Автор не выбирает особых трудностей для героини, не придумывает для нее и принца на белом коне, чтобы скрасить трудную жизнь. Не выискивает благородного героя на замену неверному жениху. Фэриде живет в реальной стране в реальном времени и это прекрасно описывается, создавая картину провинциальной Турции с ее бюрократической системой государственного управления. Словно в калейдоскопе сменяются мужчины, облеченные властью, которые пальцем не шевельнут, чтобы облегчить положение одинокой учительницы. На них (к счастью) не действует женская красота и они не стремятся сделать жизнь Фэриде приятной. Но среди массы мужчин, словно пчелы, слетающихся на розовое варенье, вырисовываются удивительные типы мужчин, которые задерживают внимание: они искренни в чувствах к девушке и оценивают ее не столько за красоту, сколько за спокойное достоинство и сердечность. Это Хаджи, это старый доктор, встретившийся ей в горной деревушке, который позднее спасет Фэриде от злых сплетен и поможет достойно устроить судьбу. Это и умирающий Шейх Юсуф эфенди, и Исхан, чья любовь постепенно из навязчивых преследований молодого офицера, не знавшего отказа, преображается в глубокое чувство, достойное восхищения.
Страдания и душевные раны Фэриде старается не выставлять напоказ, жизненный принцип, которому она следовала с детства: чем хуже, тем больше это надо скрывать за шумной веселостью, никто не должен догадываться, что на сердце. Так она поступала в детстве, устраивая шумные проказы, когда случалось что-нибудь неприятное или трагическое, так продолжала вести себя и потом, скрывая чувства за веселостью. Редко случалось, что она позволяла им выйти наружу.
Цитата:«Прислонившись пылающим лбом к прохладному надгробью, я зашептала тихонько, не столько губами, сколько своим израненным сердцем:
— Мой дорогой Зейни баба, я всего навсего только маленькая невежественная чалыкушу. Не знаю, как с тобой разговаривать, как тебя умолять. Извини, меня не научили ничему, что могло бы тебе понравиться. Слышала, что ты семь лет провел в этом подземелье, не видя солнечного света. Может, и ты убежал от неверности людей, от их жестокости. Мой дорогой Зейни баба, хочу попросить тебя о великой милости. В течение этих семи лет были минуты, когда ты тосковал по солнцу, по ветру. Пошли и мне этого ангела терпения, который помогал тебе в твоем одиночестве. Я тоже хочу без стонов и слез переносить свою пытку.»
Легкий характер позволял находить радость во всех простых мелочах жизни, когда возраст и положение учительницы уже не позволяли совершать детские выходки. Оставалось тайное удовольствие от беготни с Мунисэ и мечты о своем домике, когда закончатся скитания, да сладости, которыми можно заесть горечь жизни.
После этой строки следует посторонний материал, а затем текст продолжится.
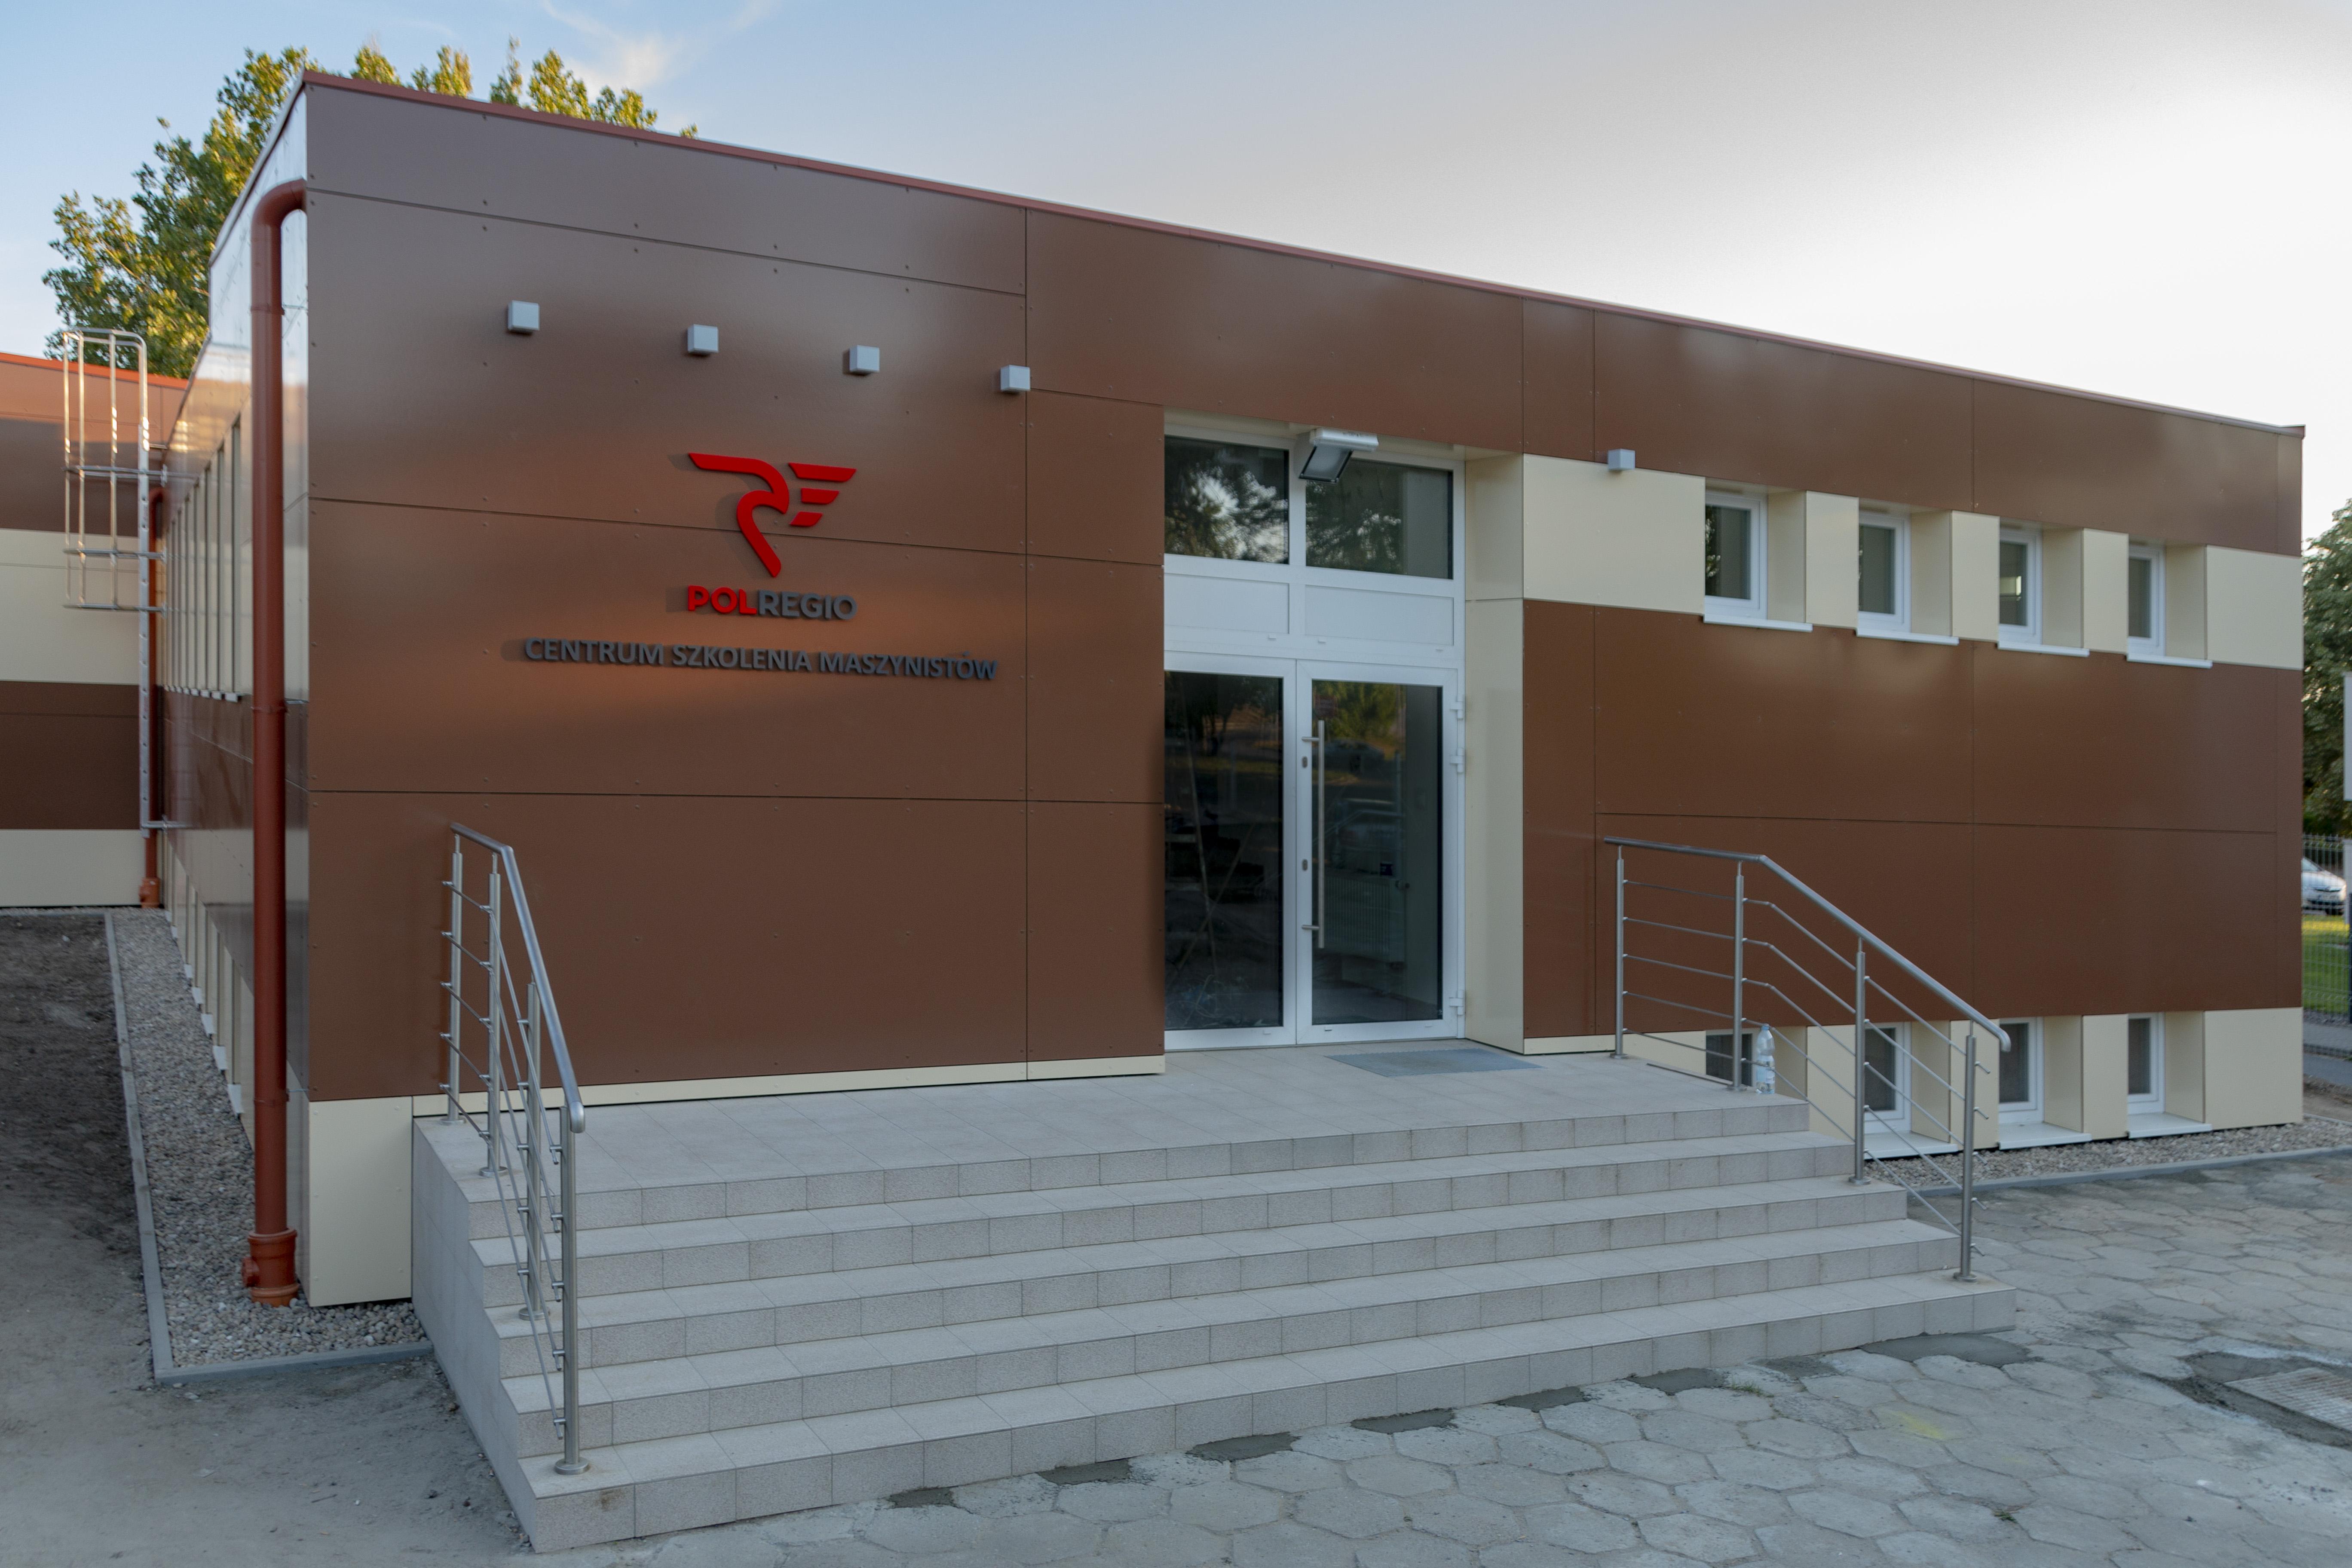 Nowości od POLREGIO. Centrum Szkolenia Maszynistów w Szczecinie wraz z symulatorem Impulsa II
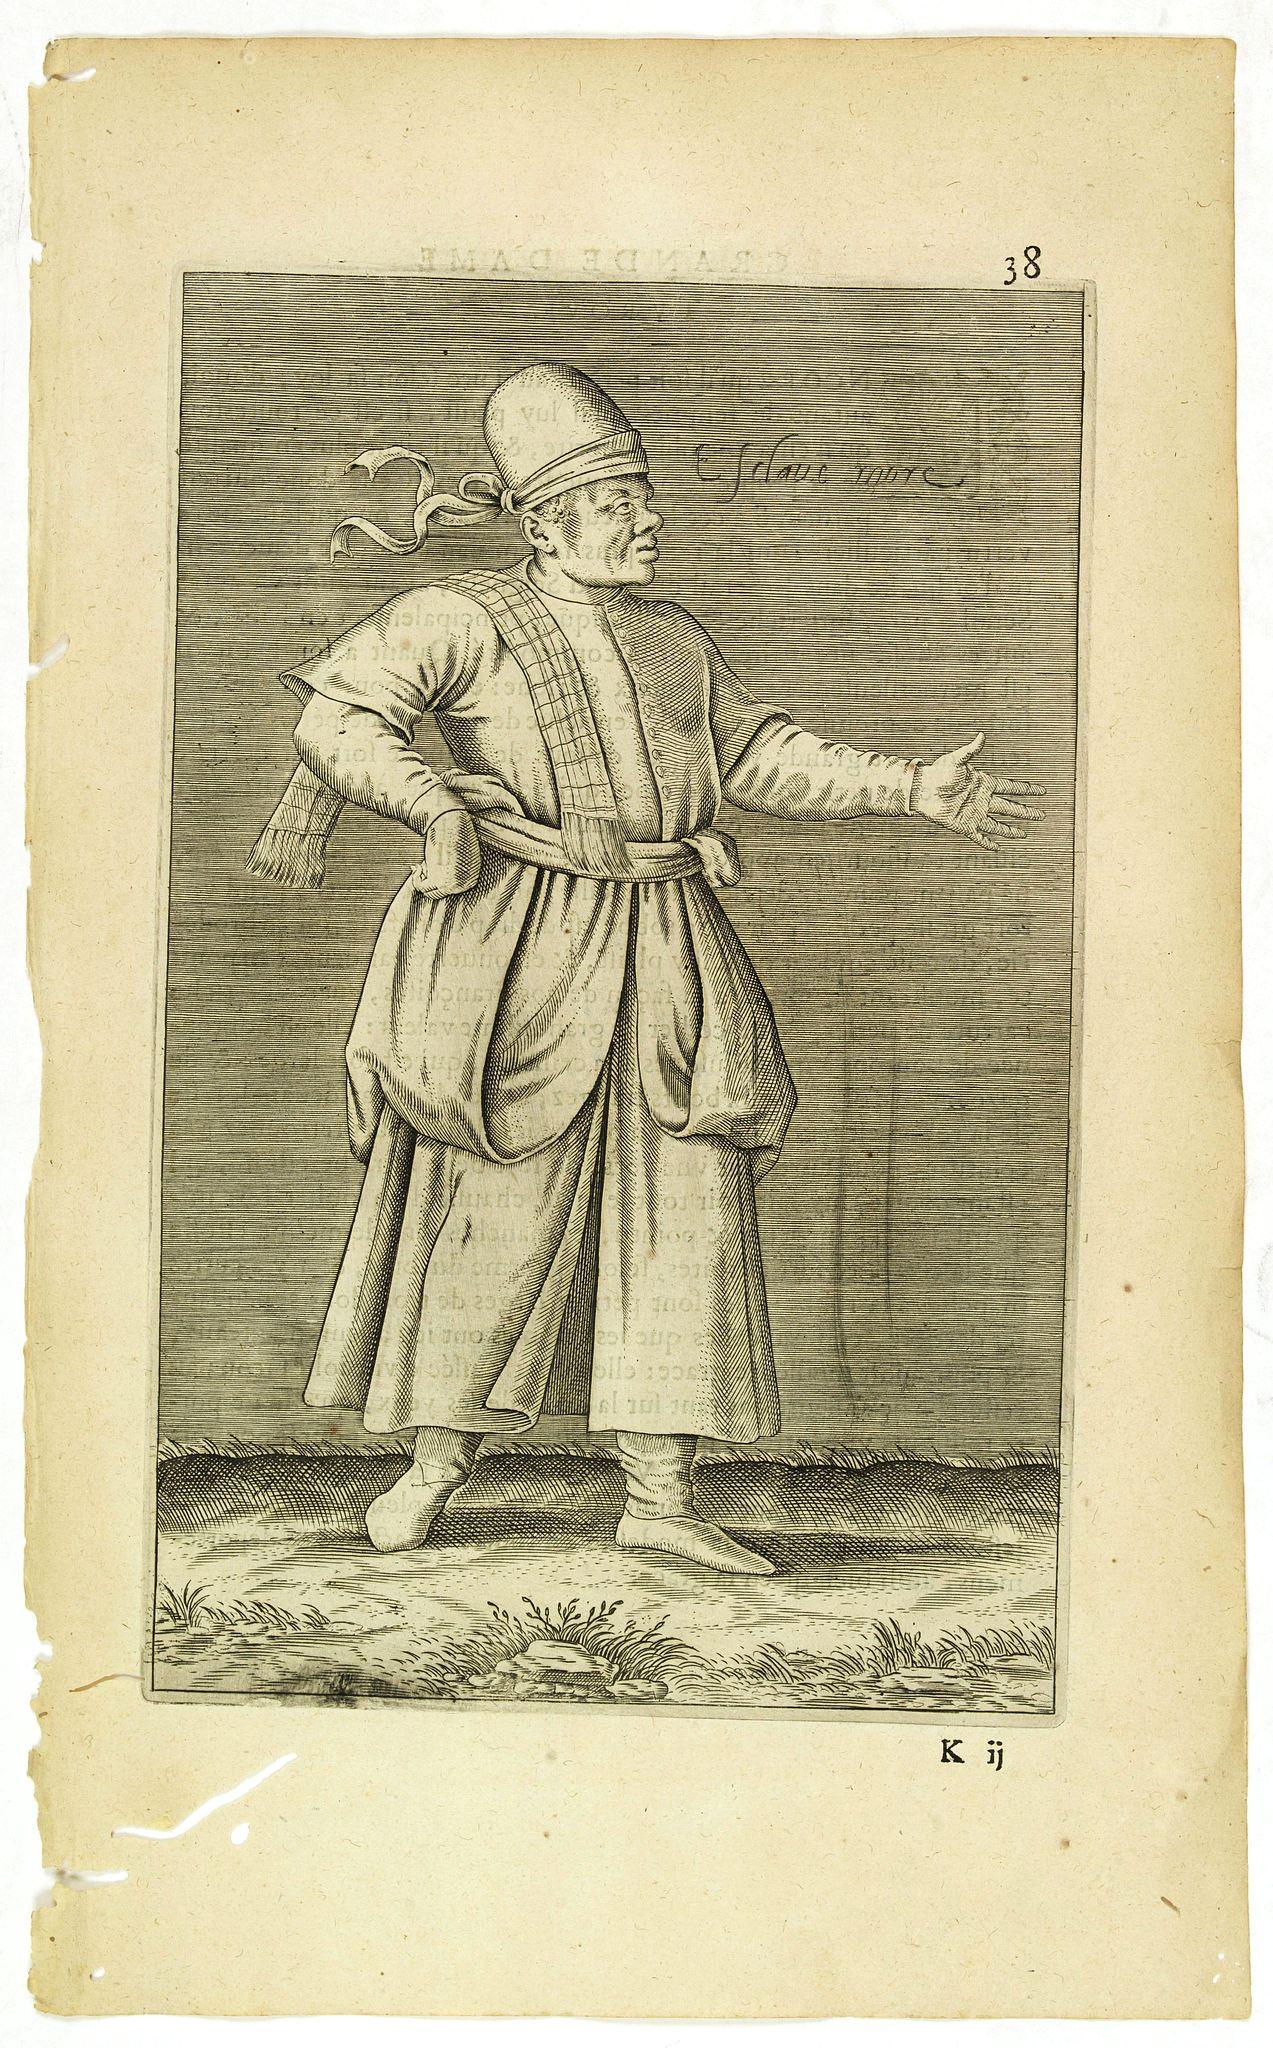 NICOLAS DE NICOLAY, Thomas Artus (sieur d'Embry). -  Esclave More. (38)

Цитата:«Без всякого труда и совсем даром я получила от нее рецепты для варки варенья и подробно записала их в книжечку, где уже имелись рецепты блюд, которые меня научила готовить старая черкешенка Гюльмисаль. Теперь ведь мне самой придется заботиться о сластене Чалыкушу.
Если аллах захочет и мои дела наладятся, у меня тоже будет маленький домик, где я смогу отдохнуть. Прежде всего я куплю себе буфет специально для варенья. Как и Хаджи калфа, я застелю его полки бумажными кружевами, заставлю разноцветными баночками, которые будут отливать яхонтом, янтарем, перламутром.
Как чудесно, ни у кого не спрашиваясь, когда тебе взбредет в голову, полакомиться вареньем! И нет никакой надобности «совершать набеги» на буфет. Если аллаху будет угодно, у меня даже не заболит живот.»
Редко она облекала в слова то, что было на сердце, да и то, слова эти были скрыты на страницах тайного дневника, узнать, что там написано, почувствовать с героиней тоску и одиночество можем только мы:
Цитата:«Бедная Чалыкушу! Словно осенний листок, подхваченный порывом ветра…»
«Ах, эти мужчины!.. Все такие самодовольные, самоуверенные. Никто из них и не подумает, что и у нас тоже есть сердце, в котором живут свои сокровенные мечты.»
«Чтобы скрыть слезы, я отвернулась к окну и стала глядеть на горы, которые казались легким клубящимся туманом на фоне светло голубого вечернего неба.
Чалыкушу смотрела на эти горы, и ей опять чудился запах чужбины.
Запах чужбины!.. Бессмысленные слова для тех, кто не жил вдали от родных мест.
В моем воображении уже рисовались дороги, бесконечные дороги чужих краев, которые убегают вдаль, превращаются в тоненькую, едва заметную ленту, унылую, нагоняющую тоску. Мне слышался печальный скрип крестьянских телег, грустный плач колокольчика.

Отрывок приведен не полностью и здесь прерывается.